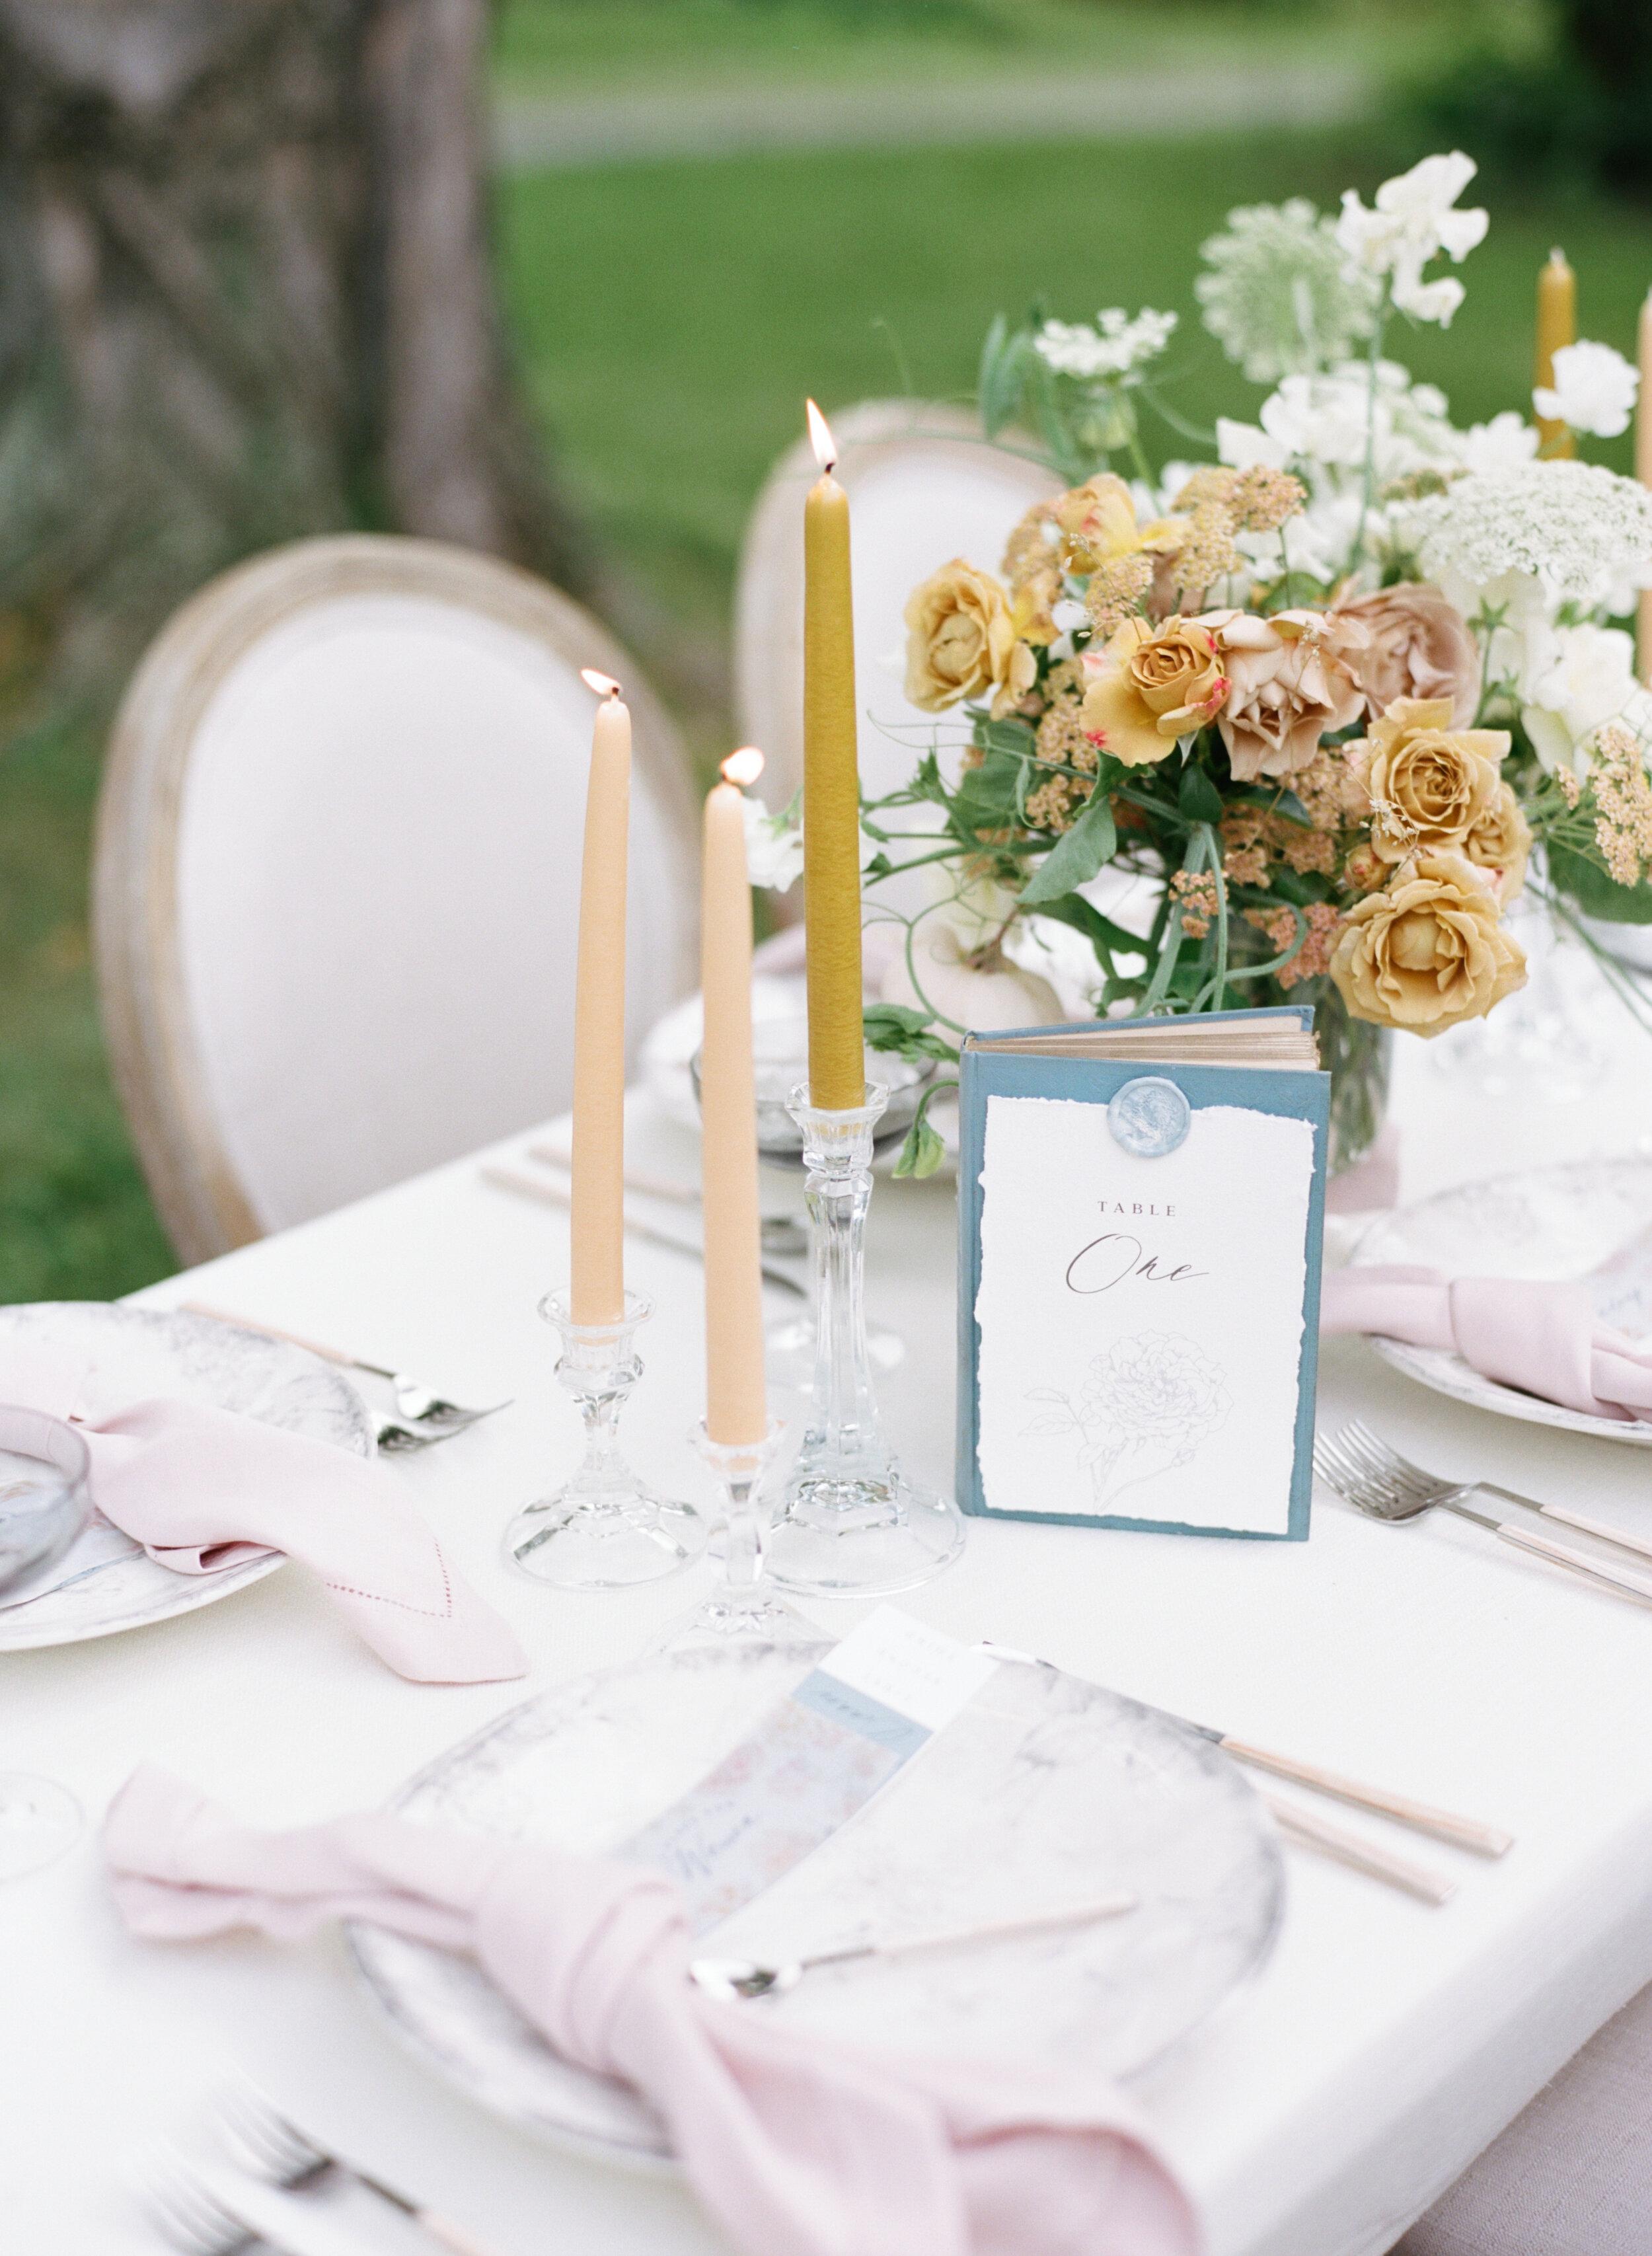 alexandra-meseke-understated-soft-luxury-wedding-upstate-ny_0123.jpg
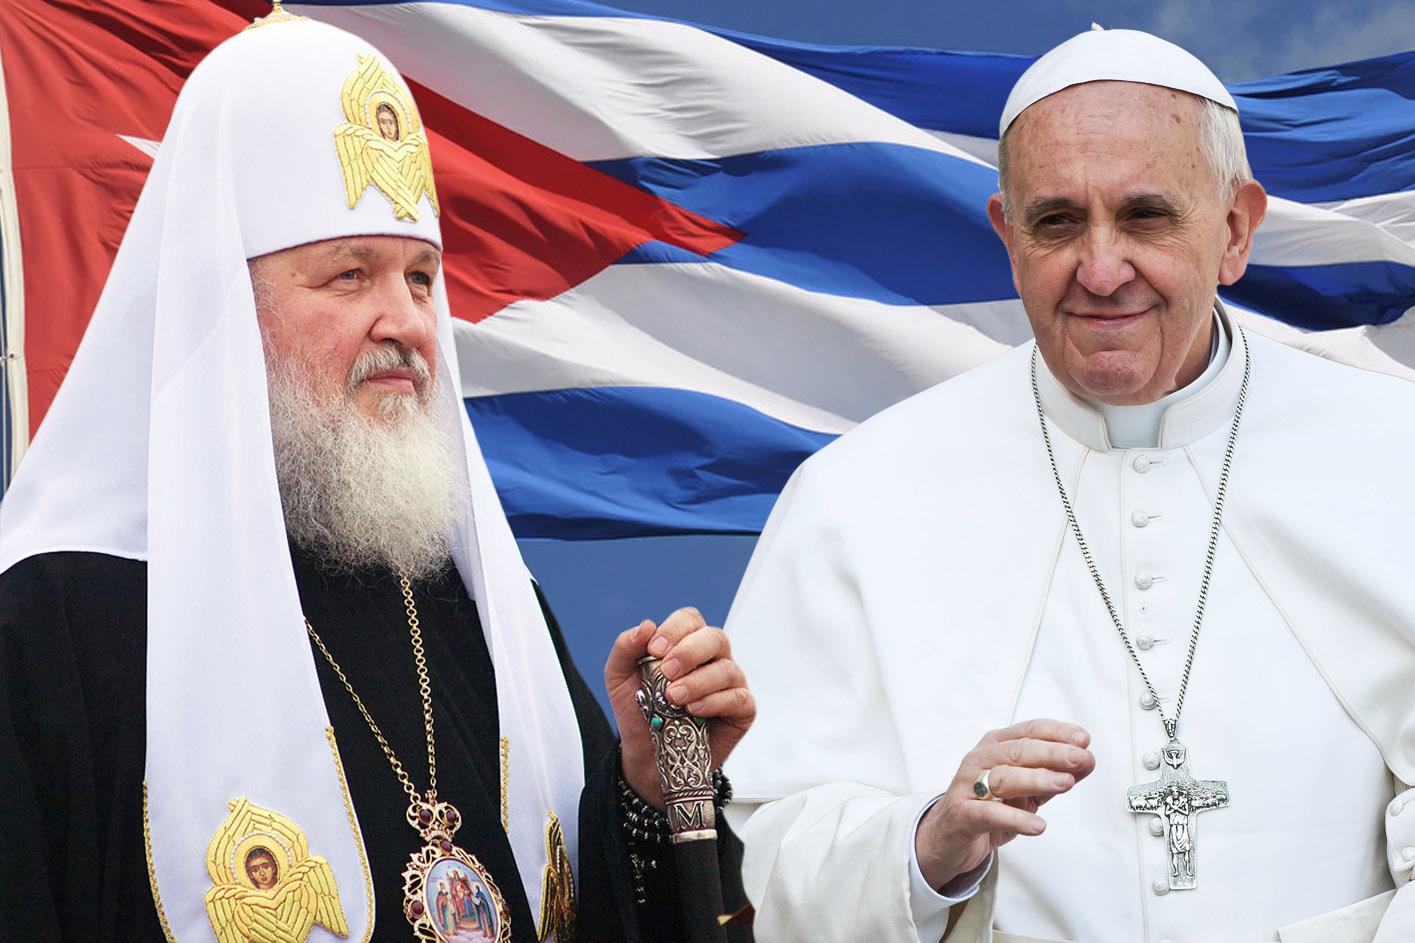 WEB-CUBA-POPE FRANCIS-PATRIARCH-KIRILL-Serge Serebro, Vitebsk Popular News -© Mazur-catholicnewsorguk-Stefano Liboni-cc
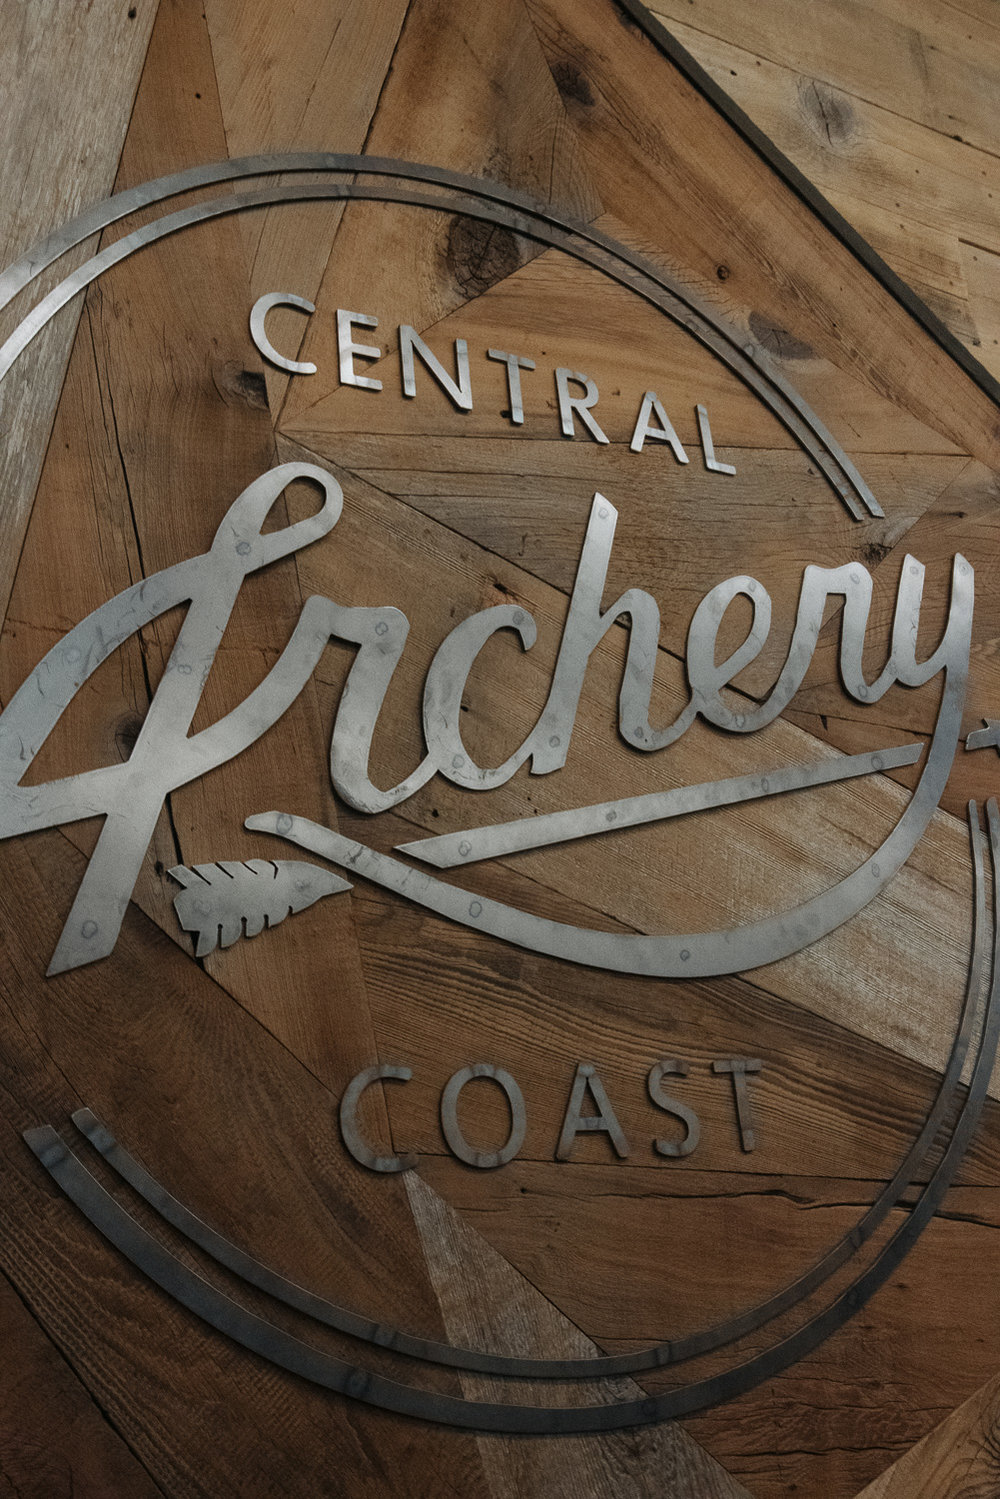 central-coast-archery-23.jpg
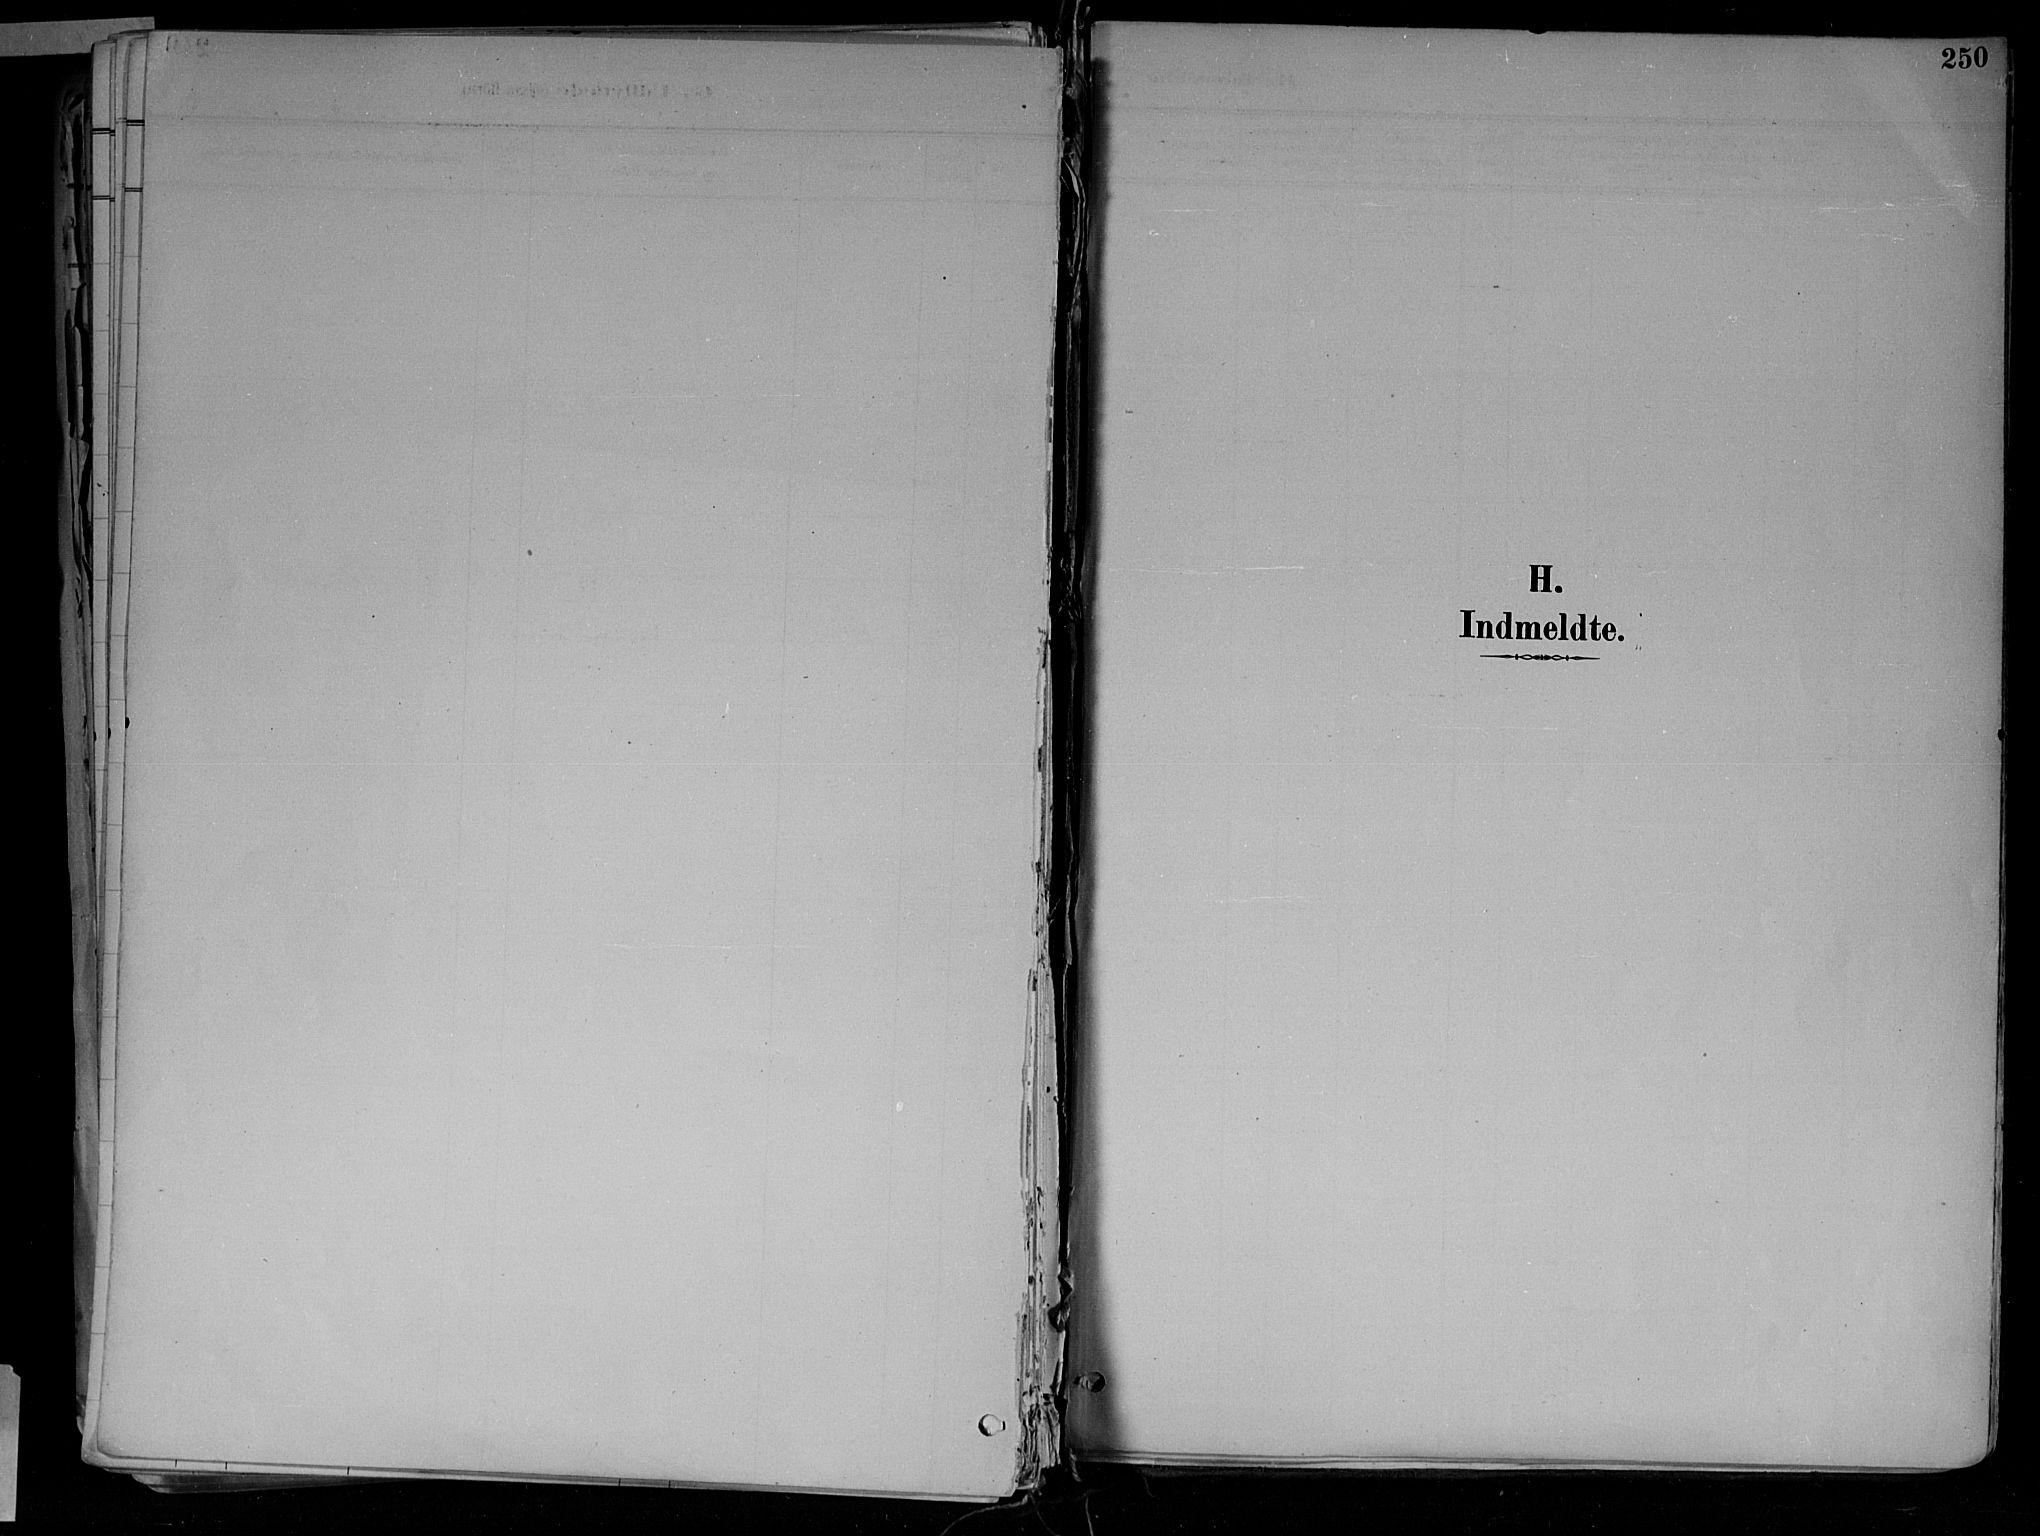 SAH, Jevnaker prestekontor, Ministerialbok nr. 10, 1891-1906, s. 250

→ **What you have to do**:
Take the line with "central-coast-archery-23.jpg" and each line after it through the end of the material above, and reproduce them exactly, without the pictures.

→ **Output for this task**:
 central-coast-archery-23.jpg
 SAH, Jevnaker prestekontor, Ministerialbok nr. 10, 1891-1906, s. 250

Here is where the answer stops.